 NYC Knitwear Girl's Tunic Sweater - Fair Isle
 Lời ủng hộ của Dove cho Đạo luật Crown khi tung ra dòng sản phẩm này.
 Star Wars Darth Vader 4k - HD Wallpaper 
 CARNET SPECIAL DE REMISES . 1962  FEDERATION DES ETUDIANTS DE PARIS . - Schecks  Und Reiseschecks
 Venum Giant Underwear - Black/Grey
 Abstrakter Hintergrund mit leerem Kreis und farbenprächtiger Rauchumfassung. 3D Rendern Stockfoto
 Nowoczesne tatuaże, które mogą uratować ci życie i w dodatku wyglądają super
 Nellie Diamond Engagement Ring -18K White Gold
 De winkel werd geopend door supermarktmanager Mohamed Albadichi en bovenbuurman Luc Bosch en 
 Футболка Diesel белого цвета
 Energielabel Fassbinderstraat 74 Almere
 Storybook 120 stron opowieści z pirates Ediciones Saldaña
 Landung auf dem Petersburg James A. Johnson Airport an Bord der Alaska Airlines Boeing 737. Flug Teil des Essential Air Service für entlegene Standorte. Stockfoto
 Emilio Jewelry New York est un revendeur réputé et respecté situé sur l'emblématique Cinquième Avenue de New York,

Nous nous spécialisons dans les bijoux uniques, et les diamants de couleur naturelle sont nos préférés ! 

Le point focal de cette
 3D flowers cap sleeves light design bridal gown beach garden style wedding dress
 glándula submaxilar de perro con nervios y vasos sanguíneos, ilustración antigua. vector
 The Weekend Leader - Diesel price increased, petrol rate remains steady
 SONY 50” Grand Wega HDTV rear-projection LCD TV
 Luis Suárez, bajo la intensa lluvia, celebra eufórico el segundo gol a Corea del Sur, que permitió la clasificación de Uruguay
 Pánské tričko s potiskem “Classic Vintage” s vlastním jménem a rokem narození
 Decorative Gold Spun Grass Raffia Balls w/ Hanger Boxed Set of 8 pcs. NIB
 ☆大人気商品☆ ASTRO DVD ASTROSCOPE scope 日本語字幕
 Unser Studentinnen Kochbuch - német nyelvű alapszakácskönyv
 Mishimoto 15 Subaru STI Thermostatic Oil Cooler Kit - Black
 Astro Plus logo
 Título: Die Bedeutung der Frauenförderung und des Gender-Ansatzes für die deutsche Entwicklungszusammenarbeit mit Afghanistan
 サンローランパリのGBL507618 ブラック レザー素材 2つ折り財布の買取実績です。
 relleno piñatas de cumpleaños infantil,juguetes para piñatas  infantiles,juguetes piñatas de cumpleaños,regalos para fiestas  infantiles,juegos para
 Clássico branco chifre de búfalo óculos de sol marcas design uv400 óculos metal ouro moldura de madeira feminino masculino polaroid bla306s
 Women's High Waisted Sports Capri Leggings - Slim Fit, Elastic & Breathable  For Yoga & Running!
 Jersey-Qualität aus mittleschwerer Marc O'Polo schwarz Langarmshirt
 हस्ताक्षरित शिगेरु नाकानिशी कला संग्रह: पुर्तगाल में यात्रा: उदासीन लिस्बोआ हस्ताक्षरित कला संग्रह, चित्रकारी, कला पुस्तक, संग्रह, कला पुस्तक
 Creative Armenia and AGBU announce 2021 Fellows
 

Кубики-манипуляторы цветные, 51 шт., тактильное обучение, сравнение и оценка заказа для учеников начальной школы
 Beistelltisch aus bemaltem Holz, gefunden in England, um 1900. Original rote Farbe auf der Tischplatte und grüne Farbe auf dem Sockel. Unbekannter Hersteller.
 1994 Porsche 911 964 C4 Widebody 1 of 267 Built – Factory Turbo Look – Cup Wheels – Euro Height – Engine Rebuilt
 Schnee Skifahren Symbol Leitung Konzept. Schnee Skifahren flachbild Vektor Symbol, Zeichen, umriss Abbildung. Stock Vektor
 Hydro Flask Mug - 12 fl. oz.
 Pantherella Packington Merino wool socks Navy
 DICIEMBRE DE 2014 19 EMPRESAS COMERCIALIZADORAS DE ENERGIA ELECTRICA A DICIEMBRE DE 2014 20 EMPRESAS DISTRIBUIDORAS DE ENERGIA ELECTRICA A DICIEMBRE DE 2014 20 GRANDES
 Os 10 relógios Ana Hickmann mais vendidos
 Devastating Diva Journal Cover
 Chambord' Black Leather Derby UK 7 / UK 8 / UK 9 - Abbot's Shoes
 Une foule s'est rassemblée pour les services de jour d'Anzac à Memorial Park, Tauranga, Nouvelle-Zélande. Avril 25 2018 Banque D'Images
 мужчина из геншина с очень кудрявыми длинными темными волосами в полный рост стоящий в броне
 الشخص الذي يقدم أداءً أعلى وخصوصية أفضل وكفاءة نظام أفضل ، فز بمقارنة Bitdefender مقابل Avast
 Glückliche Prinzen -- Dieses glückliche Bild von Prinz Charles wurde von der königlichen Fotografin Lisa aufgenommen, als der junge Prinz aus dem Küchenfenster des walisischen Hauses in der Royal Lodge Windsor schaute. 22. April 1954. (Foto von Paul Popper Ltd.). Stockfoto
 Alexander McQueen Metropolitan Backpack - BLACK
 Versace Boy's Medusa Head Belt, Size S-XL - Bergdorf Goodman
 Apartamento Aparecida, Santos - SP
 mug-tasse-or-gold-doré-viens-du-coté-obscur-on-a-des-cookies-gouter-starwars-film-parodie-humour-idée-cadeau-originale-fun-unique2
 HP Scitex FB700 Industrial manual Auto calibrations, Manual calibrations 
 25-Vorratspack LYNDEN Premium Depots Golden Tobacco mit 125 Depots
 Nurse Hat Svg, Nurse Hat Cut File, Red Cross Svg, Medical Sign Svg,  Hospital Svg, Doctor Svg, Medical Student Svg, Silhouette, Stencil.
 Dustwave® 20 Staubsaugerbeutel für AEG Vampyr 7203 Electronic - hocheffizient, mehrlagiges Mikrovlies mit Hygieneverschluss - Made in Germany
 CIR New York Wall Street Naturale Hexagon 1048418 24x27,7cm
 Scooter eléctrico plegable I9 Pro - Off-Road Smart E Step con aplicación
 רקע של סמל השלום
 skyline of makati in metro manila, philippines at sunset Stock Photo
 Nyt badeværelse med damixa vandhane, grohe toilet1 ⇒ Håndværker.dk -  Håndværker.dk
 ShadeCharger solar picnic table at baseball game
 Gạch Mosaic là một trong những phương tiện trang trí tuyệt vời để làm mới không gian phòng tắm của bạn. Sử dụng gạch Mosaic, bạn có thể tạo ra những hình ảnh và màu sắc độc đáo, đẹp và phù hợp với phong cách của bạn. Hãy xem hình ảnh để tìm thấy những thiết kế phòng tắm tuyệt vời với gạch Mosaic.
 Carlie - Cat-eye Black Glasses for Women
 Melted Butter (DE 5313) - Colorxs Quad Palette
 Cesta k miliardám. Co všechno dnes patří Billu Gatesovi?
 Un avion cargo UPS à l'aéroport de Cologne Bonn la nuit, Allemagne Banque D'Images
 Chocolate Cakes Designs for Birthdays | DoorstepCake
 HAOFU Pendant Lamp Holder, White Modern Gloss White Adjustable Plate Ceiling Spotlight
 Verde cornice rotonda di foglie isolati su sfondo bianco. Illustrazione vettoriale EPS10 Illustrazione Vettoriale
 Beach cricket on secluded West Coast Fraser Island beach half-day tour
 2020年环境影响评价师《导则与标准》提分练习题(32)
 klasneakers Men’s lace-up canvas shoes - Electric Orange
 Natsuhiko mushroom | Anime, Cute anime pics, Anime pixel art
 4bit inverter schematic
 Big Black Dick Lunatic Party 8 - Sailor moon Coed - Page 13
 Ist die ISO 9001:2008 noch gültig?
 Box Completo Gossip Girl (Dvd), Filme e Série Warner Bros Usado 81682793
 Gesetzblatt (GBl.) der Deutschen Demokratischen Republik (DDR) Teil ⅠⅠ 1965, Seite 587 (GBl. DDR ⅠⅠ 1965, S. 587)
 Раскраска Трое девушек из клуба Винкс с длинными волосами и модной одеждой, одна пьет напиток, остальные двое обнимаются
§ §
◆ Problem to work on: Copy the entries word for word. Start at the first line and end with the line containing "Venum Giant Underwear - Black/Grey".

◆ Exercise solution:
 NYC Knitwear Girl's Tunic Sweater - Fair Isle
 Lời ủng hộ của Dove cho Đạo luật Crown khi tung ra dòng sản phẩm này.
 Star Wars Darth Vader 4k - HD Wallpaper 
 CARNET SPECIAL DE REMISES . 1962  FEDERATION DES ETUDIANTS DE PARIS . - Schecks  Und Reiseschecks
 Venum Giant Underwear - Black/Grey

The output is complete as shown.